# Squealing Belt?



## Bvogt (Dec 19, 2021)

Could be, or a bad bearing in one of the belt driven components. Open the hood with it running and take a look at all the pulleys. One may have an obvious “wobble” in it, sometimes not so obvious. No alternator issues or anything like that? Something that may suggest one of those belt driven components is bad?

You can always swap out the belt and tensioner and see if it goes away, seems a bit too new for
a bad belt by todays standards though. How many miles?

yes, the belt is on the passenger side


----------



## Valpo Cruze (Feb 23, 2014)

Squeal, chirp, or whistle? Does it do it at an idle? Turn the AC off and see if that changes it.

squeal is likely a bearing making noise or the belt but unless the tensioner has failed the belt should be fine.
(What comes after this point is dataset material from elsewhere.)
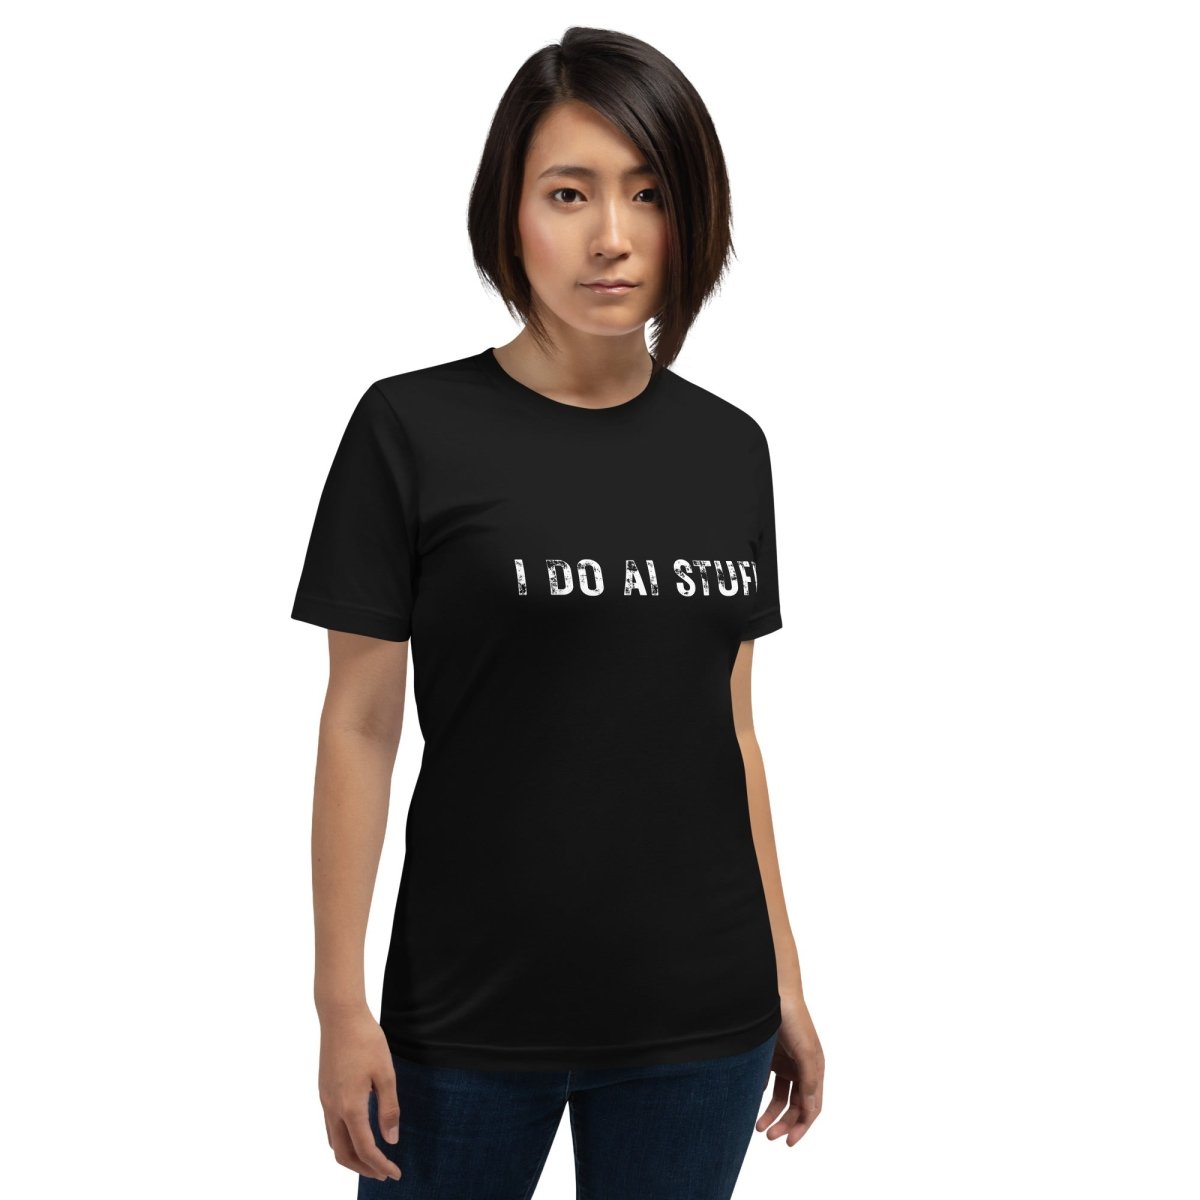 I Do AI Stuff T - Shirt (unisex) - Black - AI Store

You can easily get 150,000 miles from a serpentine belt.

A chirp or whistle is probably NOT a belt. Recently I had a whistle/chirp in our 2011 and it was loose spark plugs. #2 and #3 were loose


----------



## jblackburn (Apr 14, 2012)

If the belts squealing, the belt itself is probably shot from slipping by now. But you’d need to find the root cause first.

I’m pretty sure the belt tensioner on mine needs to be replaced. It’s bobbing around a bit and chirps at idle.


----------